Difficult Years of Youth

In my youth I experienced for the first time what was expected of a girl.

Even my father, a kind man, was of the opinion: "Never have women accomplished anything." Is one supposed to grow up with this?!

 

I suffered at school and was often ill.

The drawing "The schoolbook" was my answer to school-mathematics. I felt at home in poetry and I read mainly the romantics.

 

We lived then in Steinen, a village in the South of Germany, half an hour from Basel.

My father had a doctor's practise there.

He was concerned with the loneliness of the country folk. This lead him to take up communication with Jung, whose theories were discussed at home.

 

When I was 14, I began to record my significant dreams.

"In a cemetery, an old woman walks slowly up the path. On her shoulders she carries three coffins. In the little chapel she takes her three dead daughters out of the coffins, and she scrapes with her foot on the ground.

Suddenly an oval opening is created. In it lies a snake that winds itself around a rod. The snake transforms itself into a huge wildcat and wants to attack the woman by the throat. The woman gives it a kick. The animal flies against the wall, where behind each dead daughter lies an apple. The wildcat says: Bite into the apple bite into the apple."

 

When I was 17, I got to know young men. They said things like 'Everything about a woman is a mystery, its solution the child', and they divided women into honorable wives and despicable whores. I immediately thought, count me out! So I painted the "Strangling angel" an ex voto against getting pregnant.

I did not want to be degraded into a child-producing cow.

Tarot Prophecy

Then when I was 18, I felt so depressed that I wanted to commit suicide again.

I went to Basel to see my grandmother, so that she would read the tarot for me. I knew she had a gift for it.

"After times of feeling out of balance, you will become sure in yourself, even very confident.

What you do depends mainly upon you.

Until your artistic success you will find yourself in a struggle with yourself.

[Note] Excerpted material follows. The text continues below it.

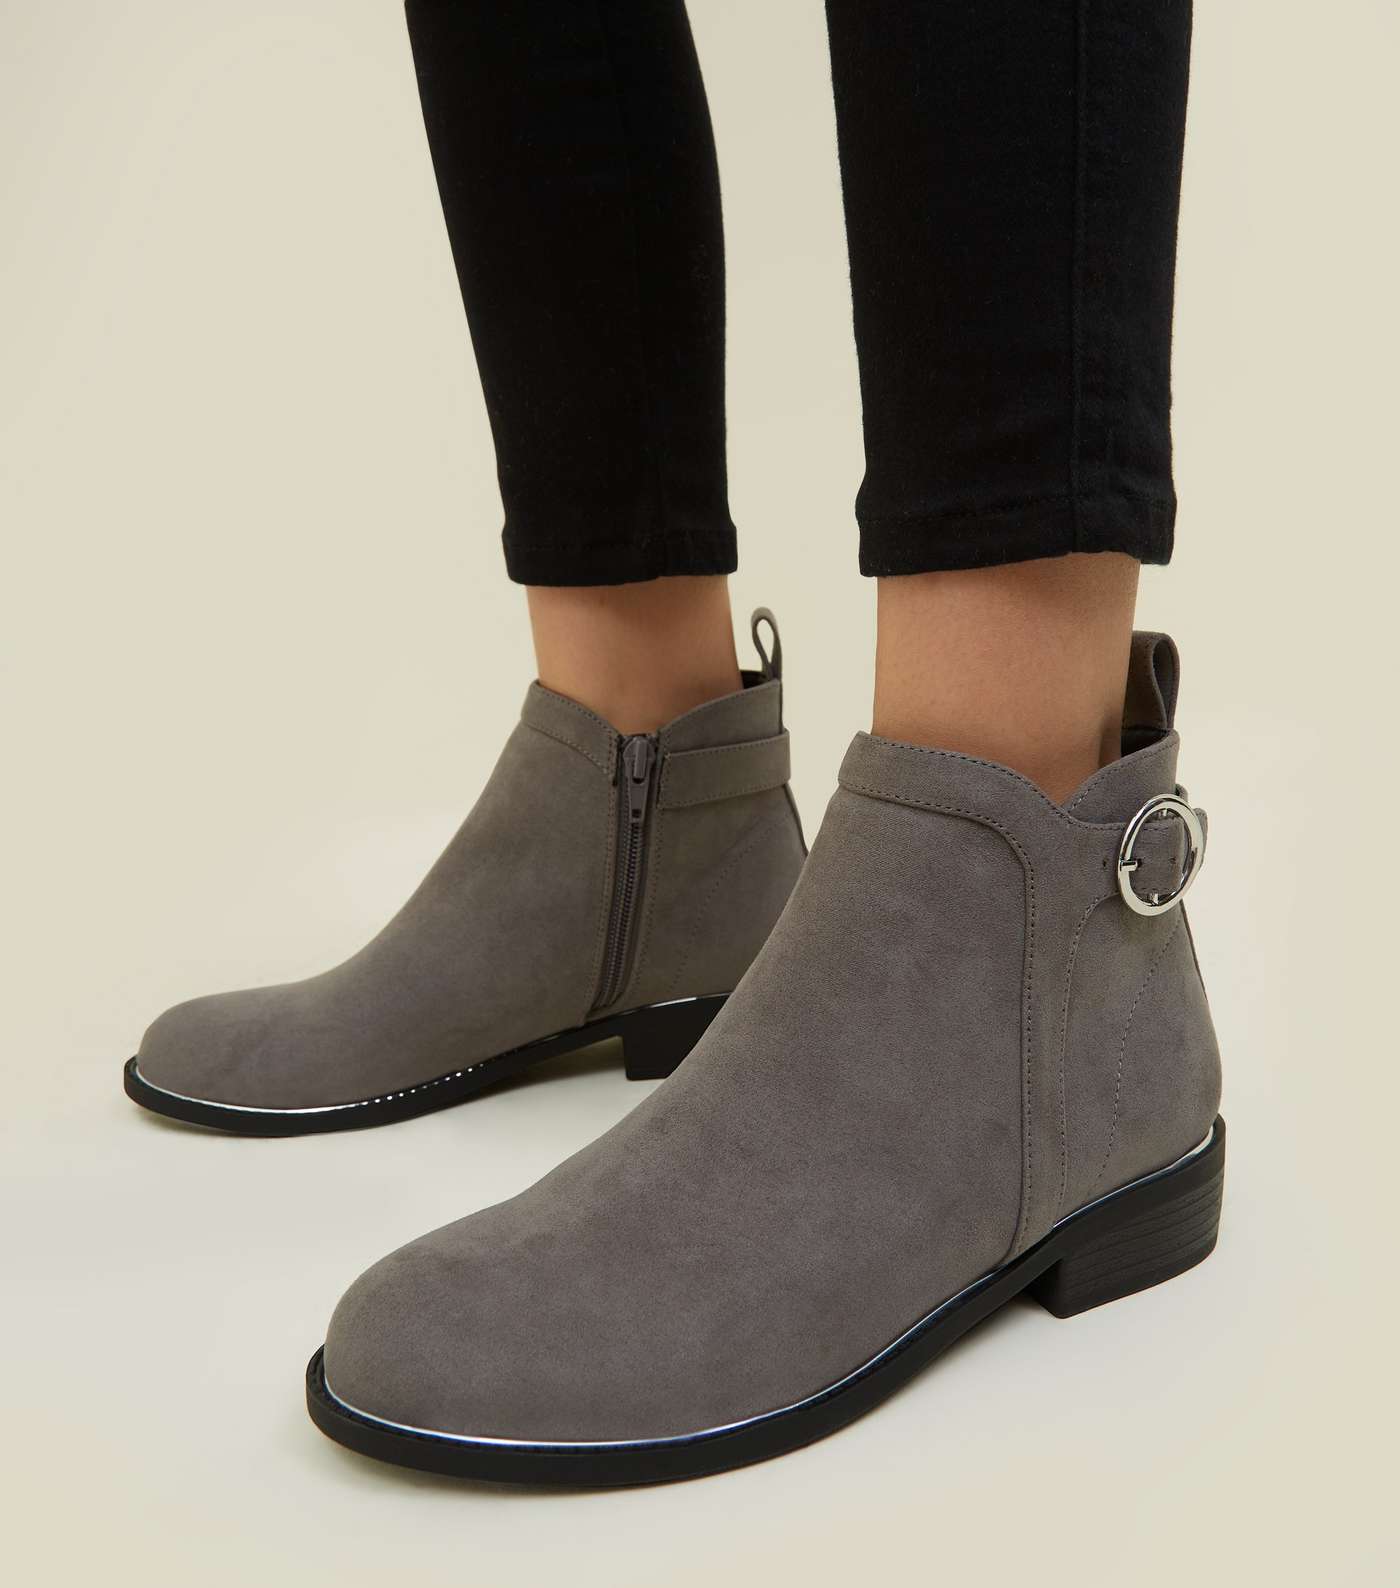 Girls Grey Suedette Ring Strap Ankle Boots Image 2

The way to that point will be difficult. You will have to go through 'heaven and hell', until, shortly before the breakthrough, you will find something surprising within you, you will have a flash of insight.

Your journey takes you through restlessness and travels. But there will always be something or somebody to guide and support you.

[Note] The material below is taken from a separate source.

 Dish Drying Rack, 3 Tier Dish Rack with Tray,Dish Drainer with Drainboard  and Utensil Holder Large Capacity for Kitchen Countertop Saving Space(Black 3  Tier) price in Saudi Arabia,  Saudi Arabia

You completely live your 'calling', although you will be loved very much.

You will suffer the greatest pain due to the death of a friend or relative.

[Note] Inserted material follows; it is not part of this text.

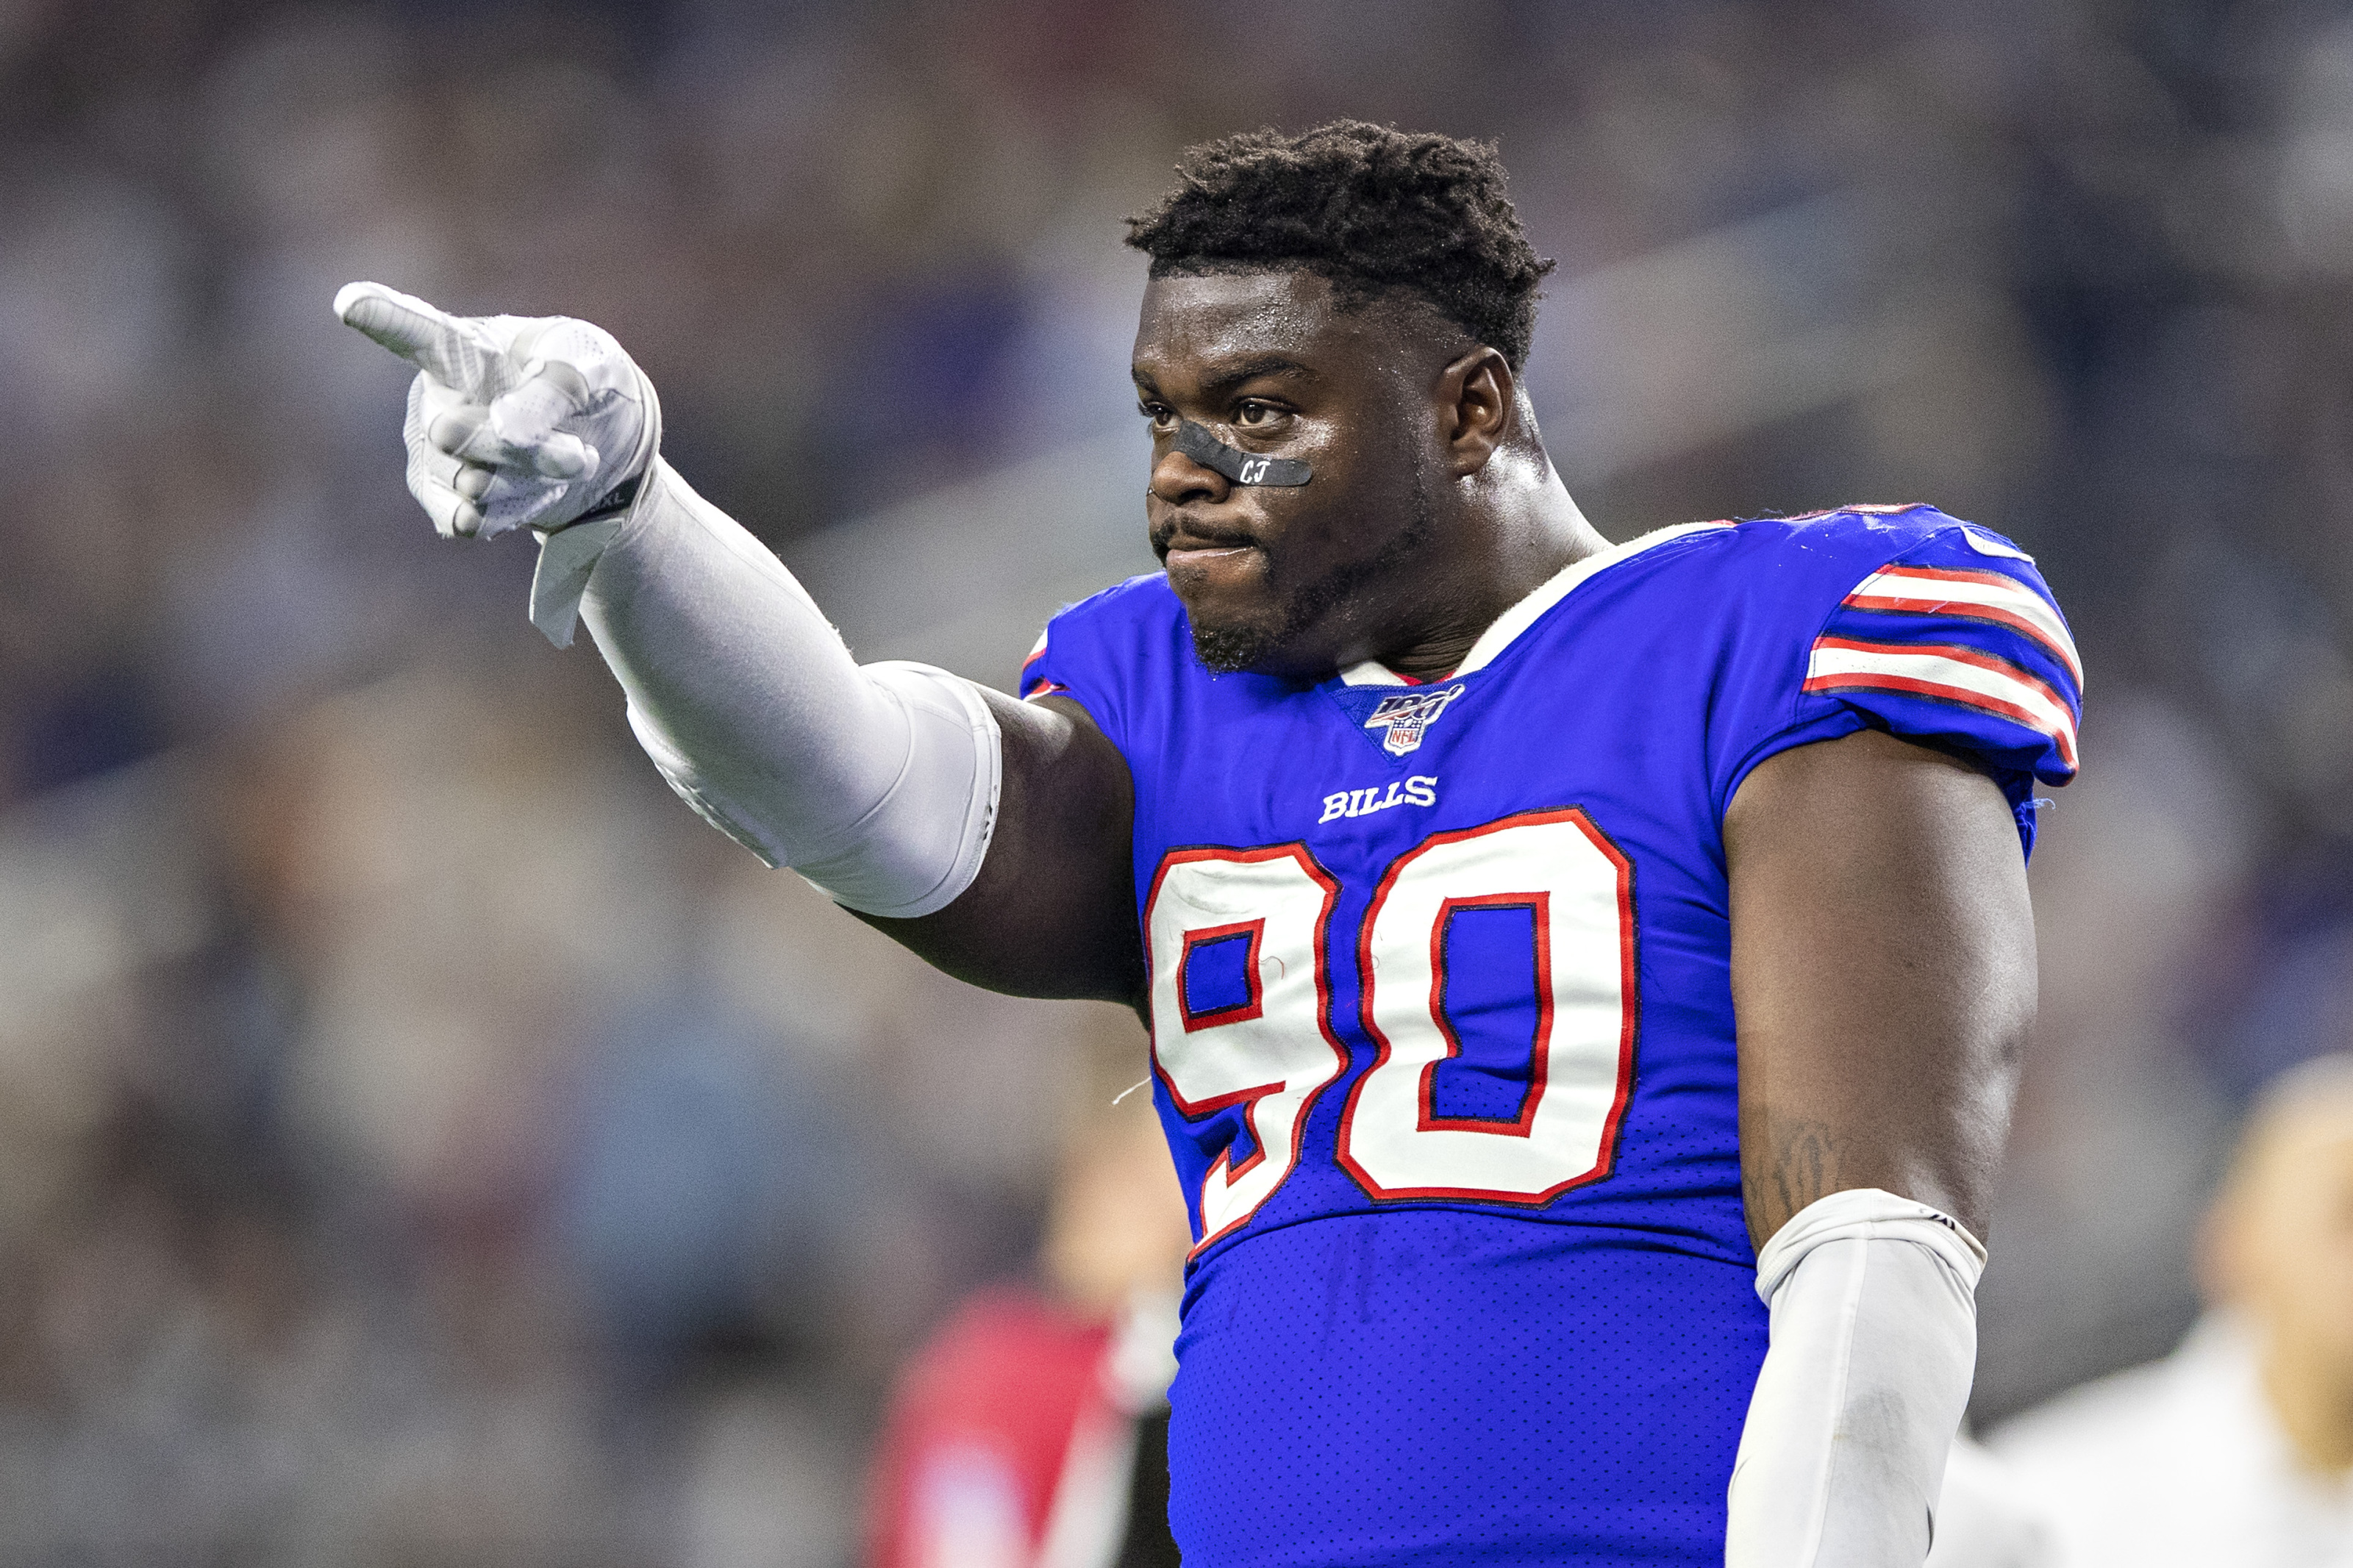 Big-time overhaul in the trenches for the Buffalo Bills

A great deal of suffering will come into your family home, but there will also be better times.

You will get to know many men, who will partly love you, but also women will enter into your circle of friends.

If you should ever marry, then it would be to a mature man. In the cards of the house there is a man, who you will love."

What my grandmother foretold, gave me a lot of courage. It was the most important thing for a long time.

 

From an early age I frequented the artist circles of Basel.

There I met Irène Zurkinden, a painter and passionate dancer. I admired her especially for her vehement passion for life.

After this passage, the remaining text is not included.